Jessie and I had complained, if you recall, about the inexplicable cross-hatching that closes the extreme right lane on westbound Ulmerton after traffic merging from Roosevelt Boulevard goes through the traffic light at 34th Street.
When the cross-hatching ends, the lane opens again but exclusively for right-turners. One reader suggests that a new right lane be constructed and reserved for right turns along its entire length, and the current right lane be left open to through traffic. Seems reasonable enough to us.
Another reader pointed out a signage problem along the same stretch at the south end of the St. Petersburg-Clearwater Airport property. There are two signs in the westbound lanes warning that Roosevelt and Ulmerton are about to diverge.
The first one notes, quite correctly, that the right lane is an "Exit Only." In that lane, you must leave Ulmerton and turn onto Roosevelt. The second sign, however, warns that the right and center lanes are "Exit Only." It says so right up there in big black letters on a yellow field.
Those of you who are Miracle Mile regulars know this isn't true. The center lane divides, and you can merge onto Roosevelt or go straight on Ulmerton.
I think the state roadies need to take this whole stretch back to the drawing board.
We also received several gripes about the Miracle Mile going in the other direction. South of the airport, Roosevelt's two lanes split with little warning. Motorists in the right lane must merge onto westbound Ulmerton. Motorists in the left lane must merge onto eastbound Ulmerton.
Hundreds, perhaps thousands, of cars every day dive from the right to the left lane, knocking down traffic barriers and threatening the fenders of other drivers. Jessie and I are prepared to believe that some of this traffic diving is caused by the confusion of strangers.
But our cynical natures believe a lot of it is simply people who think their time is so darned valuable they must risk (and sometimes cause) accidents to gain six car lengths on their less-important commuting brethren.
Speed bump alert!
The county has approved two brand-spanking-new sets of speed bumps, coming soon to a street near you. The first set of three will go in along a 1,650-foot section of 58th Avenue N between 28th and 25th streets. A second set of two speed bumps will bulge from the pavement along an 1,100-foot section of 25th Street N between 55th and 58th avenues
Squeeze right grabs attention
The street sign is enough to stop traffic.
What sort of traffic maneuver is a squeeze?
The sign on First Avenue N at 18th Street clearly says, "Thru traffic squeeze right."
What had been a through lane becomes an exclusive left-turn lane, and motorists were not heeding the change.
"That's an interesting sign," said St. Petersburg's traffic maven, Angelo Rao. "Technically, we should use "merge.' Merge is appropriate. But we wanted to try something different, something people would notice, and "squeeze' implies you really have to think about what you're doing, look in your mirror, glance over your shoulder, and move to the right."
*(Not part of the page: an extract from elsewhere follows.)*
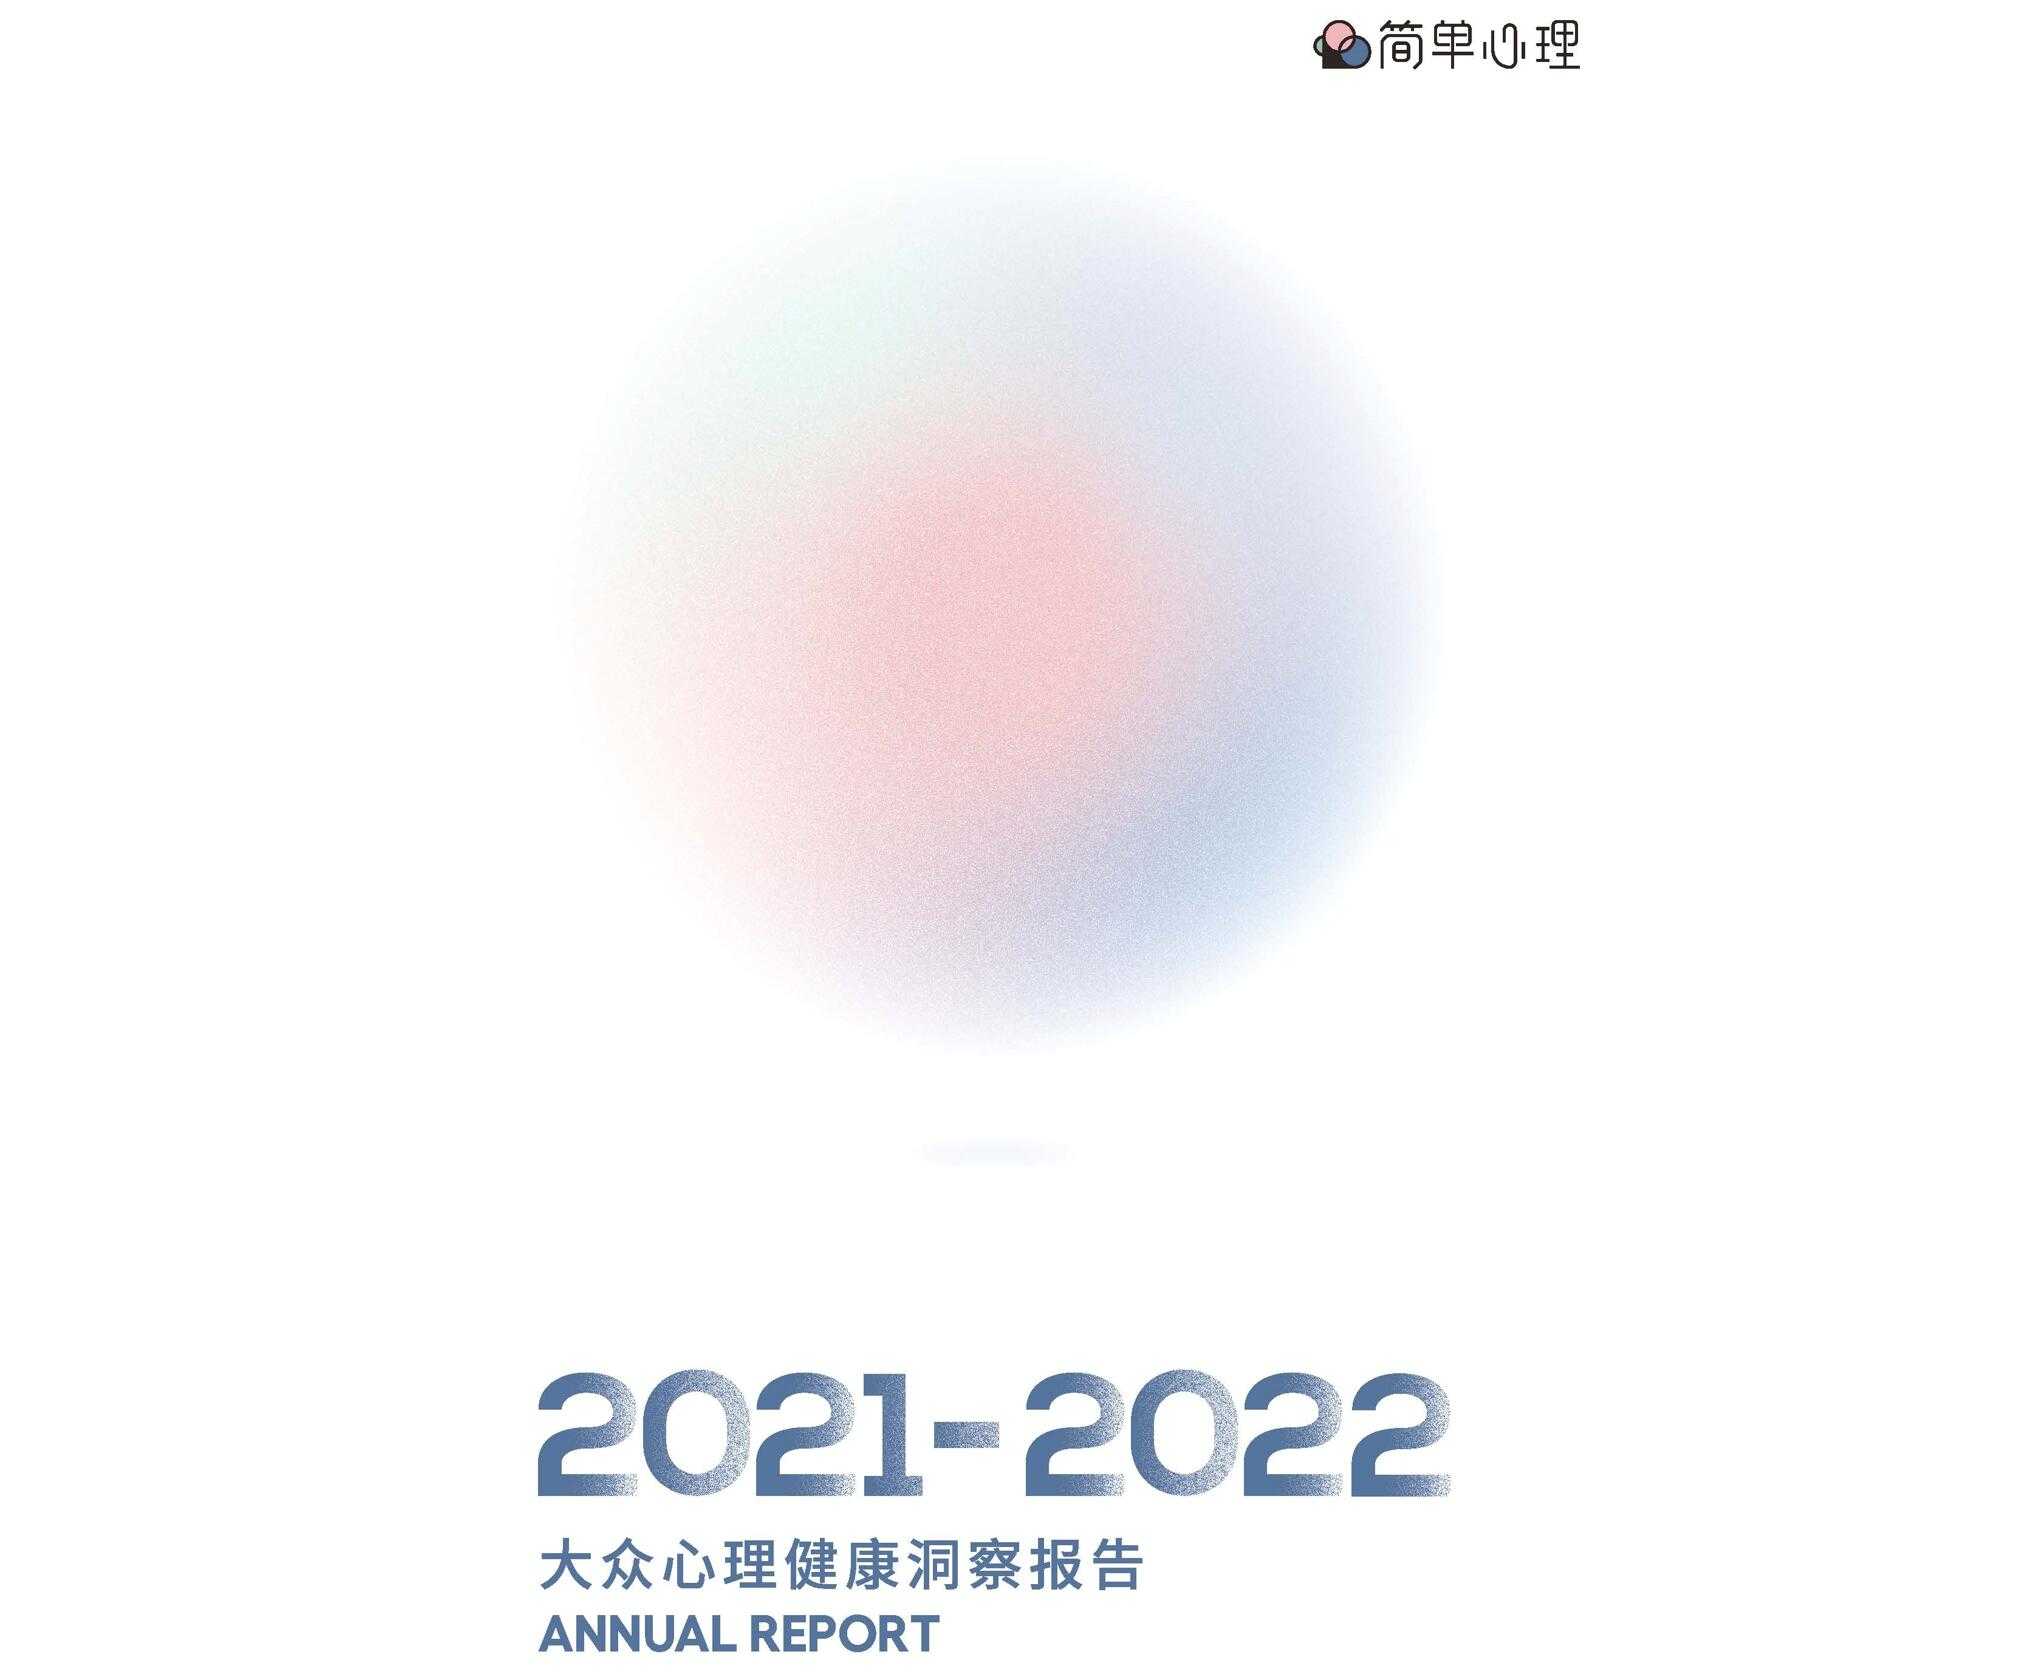 【营销任意门】2021-2022大众心理健康洞察报告-简单心理

The sign's purpose is to stop motorists from using the turn lane as a through lane.
Monster pothole will jolt you
And we have our first winner in the Pothole Contest! It's an 11-foot-wide monster blocking the entrance to an alley that runs south from the 1400 block of 20th Avenue N. It was nominated by Eugene Ruga of St. Petersburg, who described it as a "sinkhole." When we found it after a shower, it was filled with 10 inches of water, thus making it a "stealth" pothole. On the plus side, Jessie thought it was big enough to make a very nice swimming pool for her.
Keep those pothole nominations coming.